For the last 14 years, I serve as a volunteer on LAUSD’s Investment Advisory Committee as a “Member-at-Large” and former co-chair. The committee contains collective bargaining reps from the unions and monitors the district’s new tax-deferred retirement plans, 457(b). When this plan was launched in January 2007, it began to reflect my image of low-cost genuine investments, what my colleagues and I were asking for. No annuities! Over the years we swapped out the higher cost mutual funds for lower-cost index funds from Vanguard and Blackrock. As a result, LAUSD won a rare Plan Design Award in 2014 from the National Association of Government Defined Contribution Administrators (NAGDCA). As of June 2020, 11,000 LAUSD employees with about $200 million in combined assets are invested in the 457(b).

LAUSD’s 60-year-old 403(b) has $2.8 billion in total assets. After all of these years, the annuity sales force never gives up. They continue to sell their high-cost plans with no end in sight! The district has a policy of prohibiting on-site presentations of 403(b) products or meeting with teachers in the school cafeterias, professional development workshops, and in teachers’ classrooms during recess. But the “sharks” openly violate the policy. 80% of those assets are in high-cost annuity products or high-cost mutual funds with expensive advisory fees.

There are two low-cost plans available on the 403(b), CalSTRS Pension2, and the giant pension familiar to higher education faculty, TIAA.

I started this blog in 2012 to help all PreK-12 public school educators nationwide, especially his Los Angeles Unified School District colleagues.
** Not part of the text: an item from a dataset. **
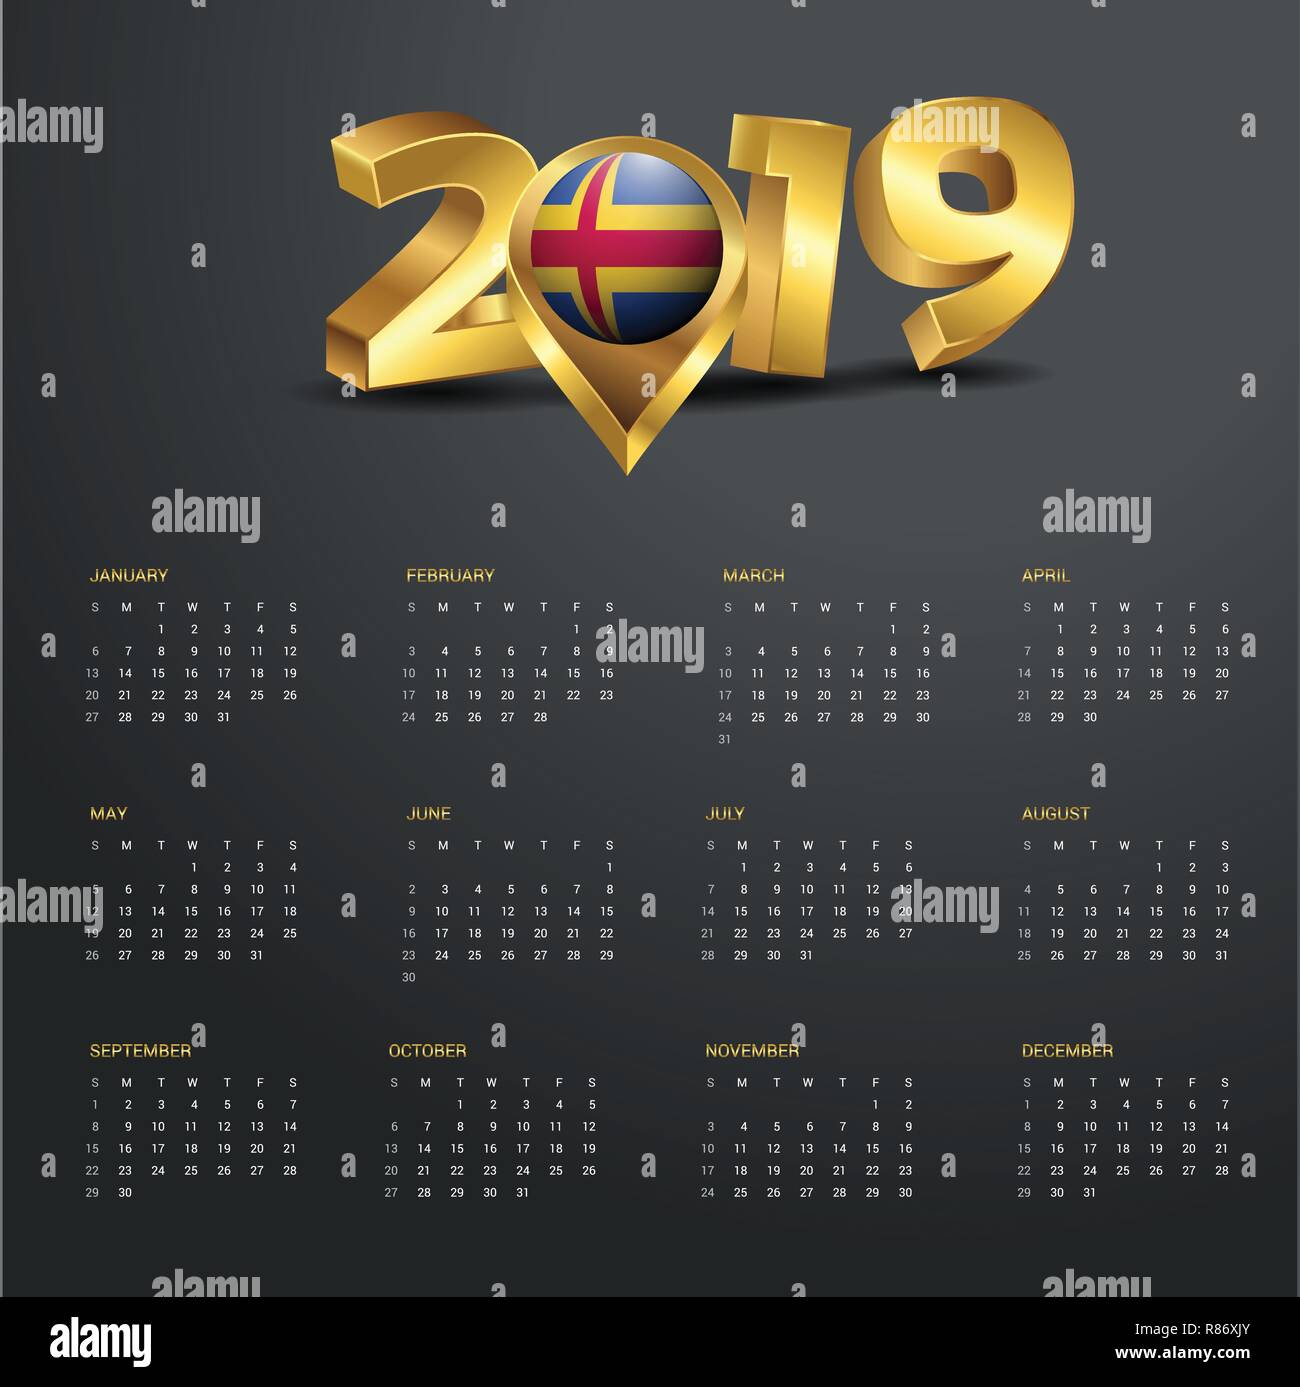 2019 Calendar Template. Aland Country Map Golden Typography Header Stock Vector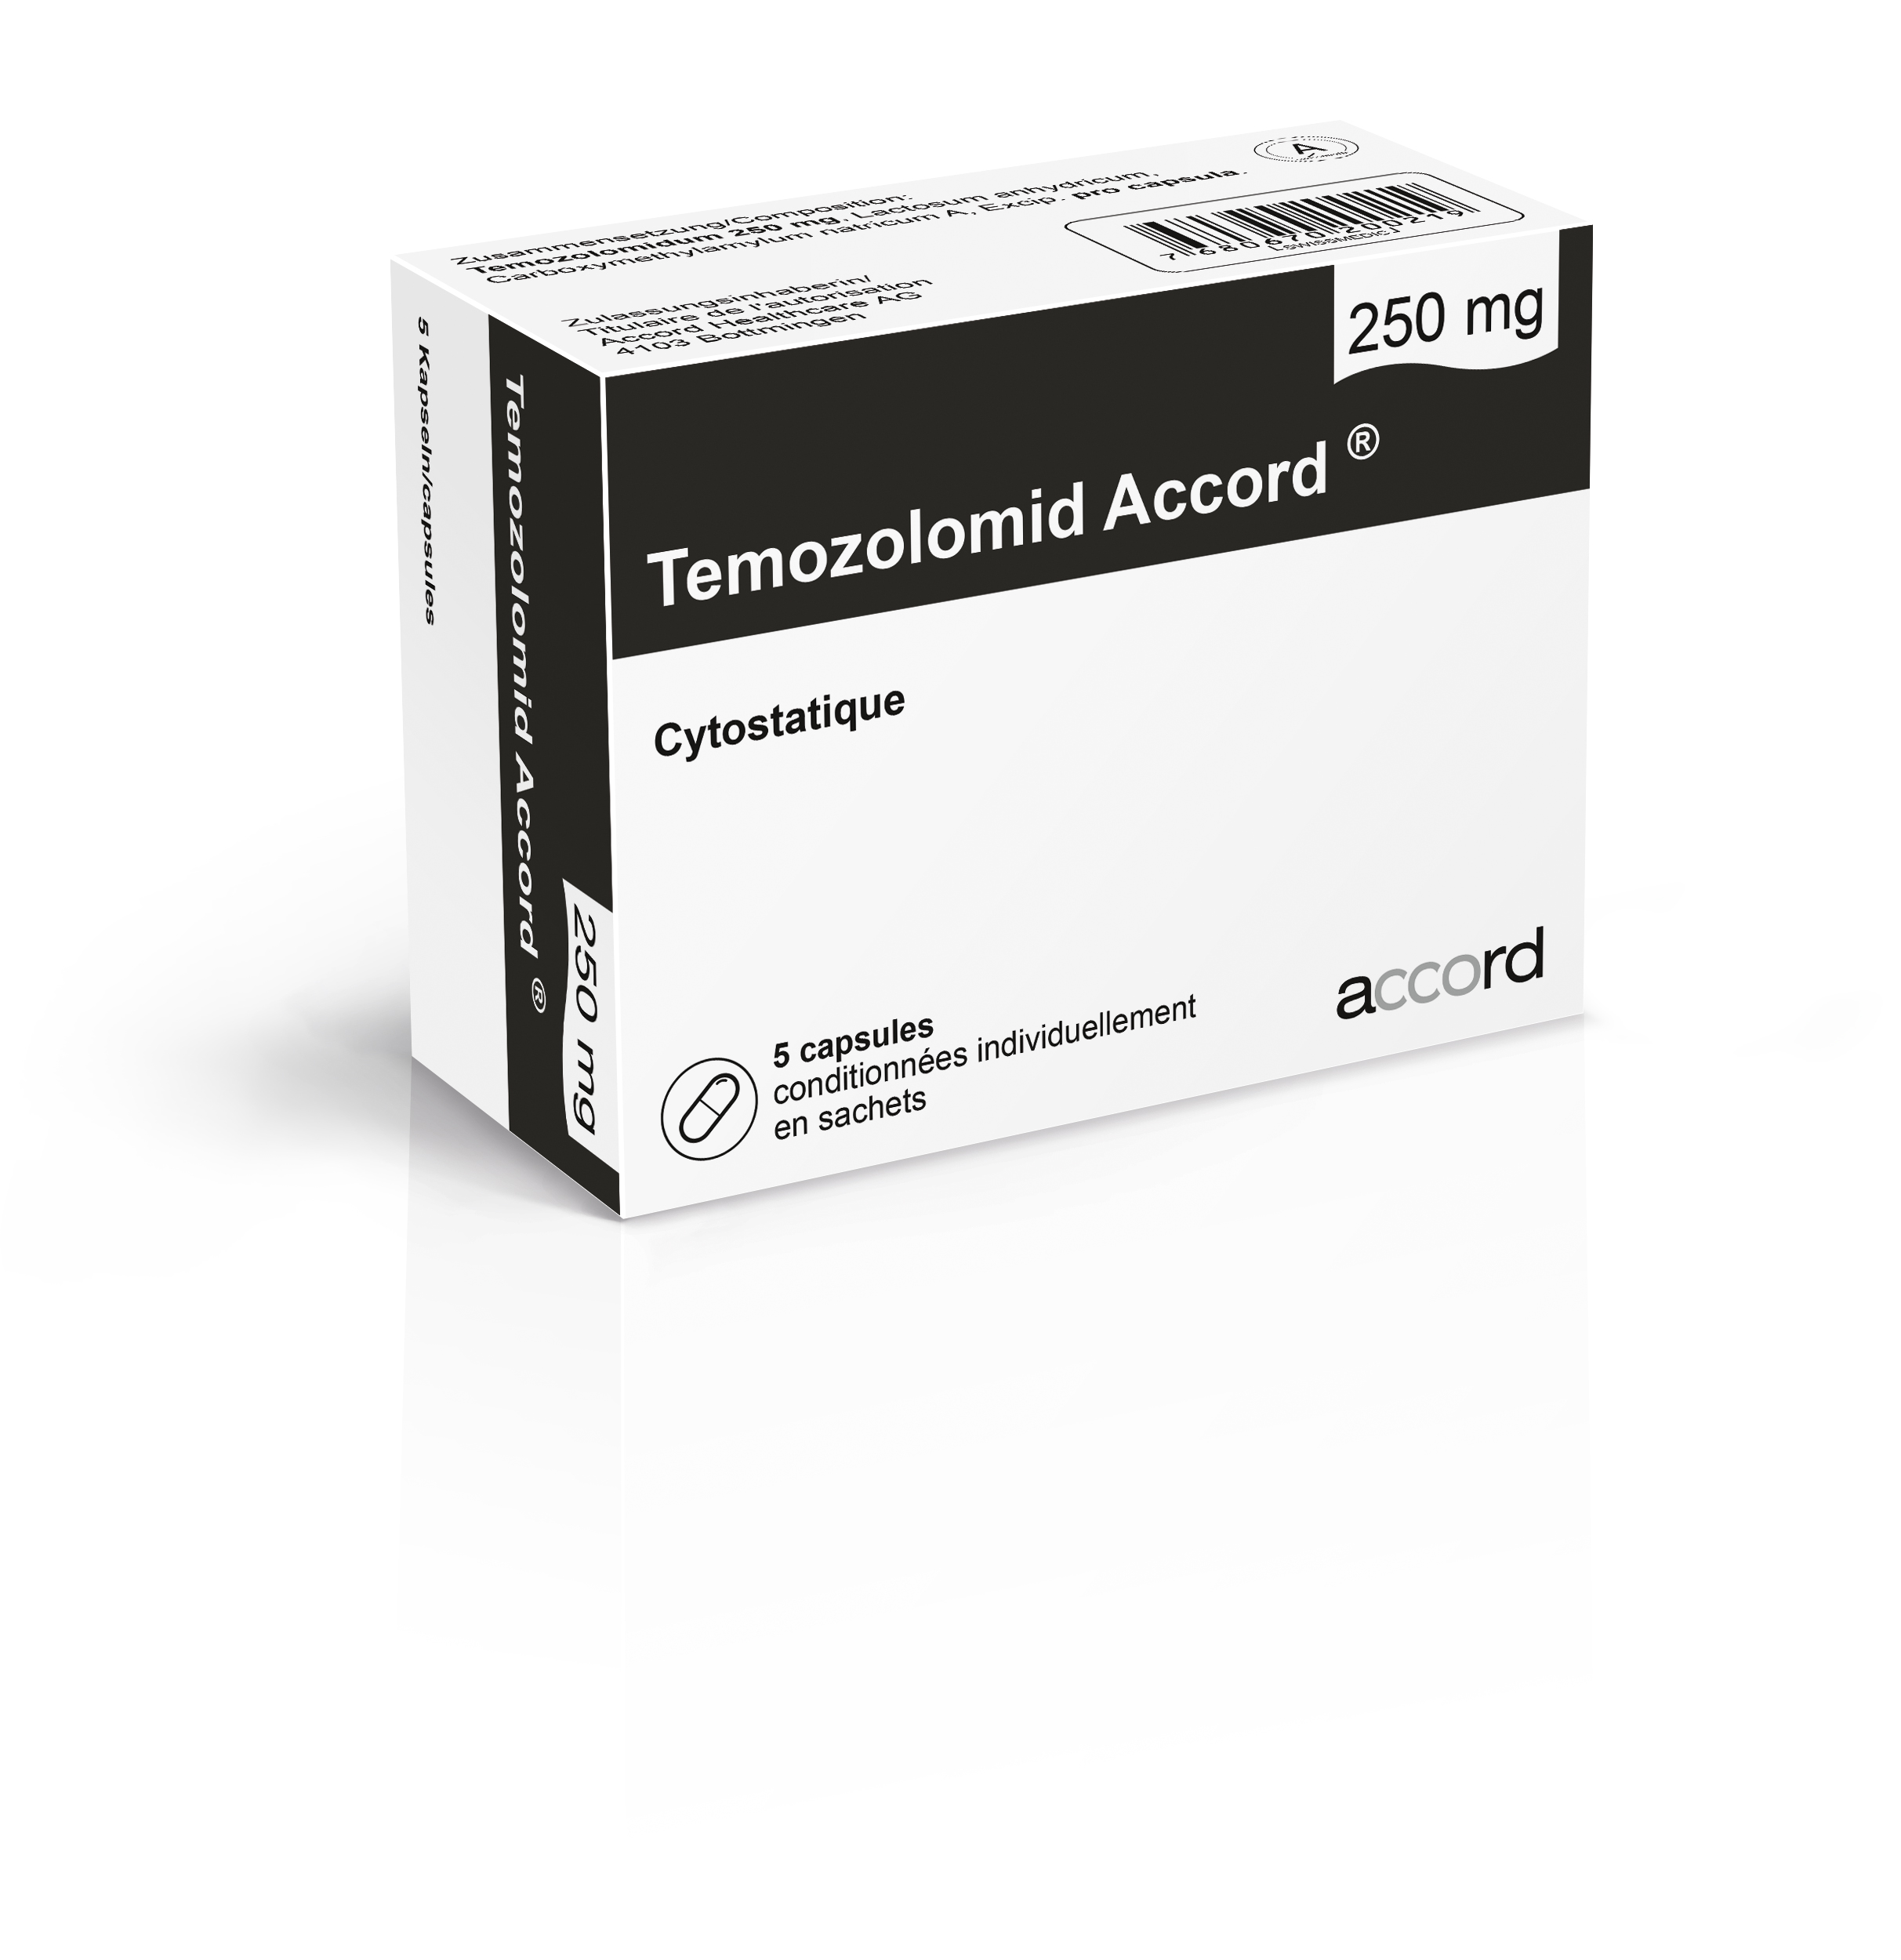 Temozolomid Accord® 250 mg

I belong to a small national group of 403(b) advocates (mostly teachers) who want to bring closer attention to the 403(b).

During the last 25 years, 40 newspaper articles have been published and each one says the same thing, TSAs (Tax Sheltered Annuities) are terrible 403(b) plans. The only person who benefits is the salesperson with lucrative commissions and high-costs, and complimentary trips to the highest salespeople to Tahiti, Hawaii, and other exotic places. Nobody in educational leadership reads these articles NOR talk about the proper place for annuity products publicly.

Together we can fix the 403(b).

We come together at 403bwise.com and 403bwise Facebook page https://www.facebook.com/groups/349968819000560/ Come on over if you want to join us so we can help our colleagues avoid these self-conflicted and high-cost Tax-sheltered Annuities (TSAs).

I was so angry that I was taken advantage of that I authored two books, Late Bloomer Millionaires and Fighting Powerful Interests: Educators Challenge Tax-sheltered Annuities and WIN!, a story of how a handful of LAUSD educators struggled for years to improve the 403(b). Fighting Powerful Interests is specifically written for LAUSD teachers! This book expands on my story with LAUSD, UTLA, and AFT where I was on the selection committee in 2002 when AFT was selecting a national 403(b) vendor. It is all there and it is fascinating! (even if I am the author! LOLs). You will learn the business of tax-deferred retirement plans with LAUSD and how to become a savvy investor to grow your volunteer supplemental retirement plan.

I have learned that most people want to do the right thing for all LAUSD employees but powerful obstacles own interests block reform. Find out what they are by reading Fighting Powerful Interests, so together we can fix the 403(b) for future generations of teachers.

One definite answer to the high cost 403(b) is the non-biased and low-cost 457(b) plan. You will learn firsthand what is the 457(b) plan and why one insightful and compassionate benefits administrator brought it to LAUSD. He also asked my friends and me to serve on the volunteer advisory committee.

My LAUSD friends and I never quit either! As mention before, we were instrumental in LAUSD’s implementation of the new 457(b) plan and earned a very rare, but very precious “Plan Design” award.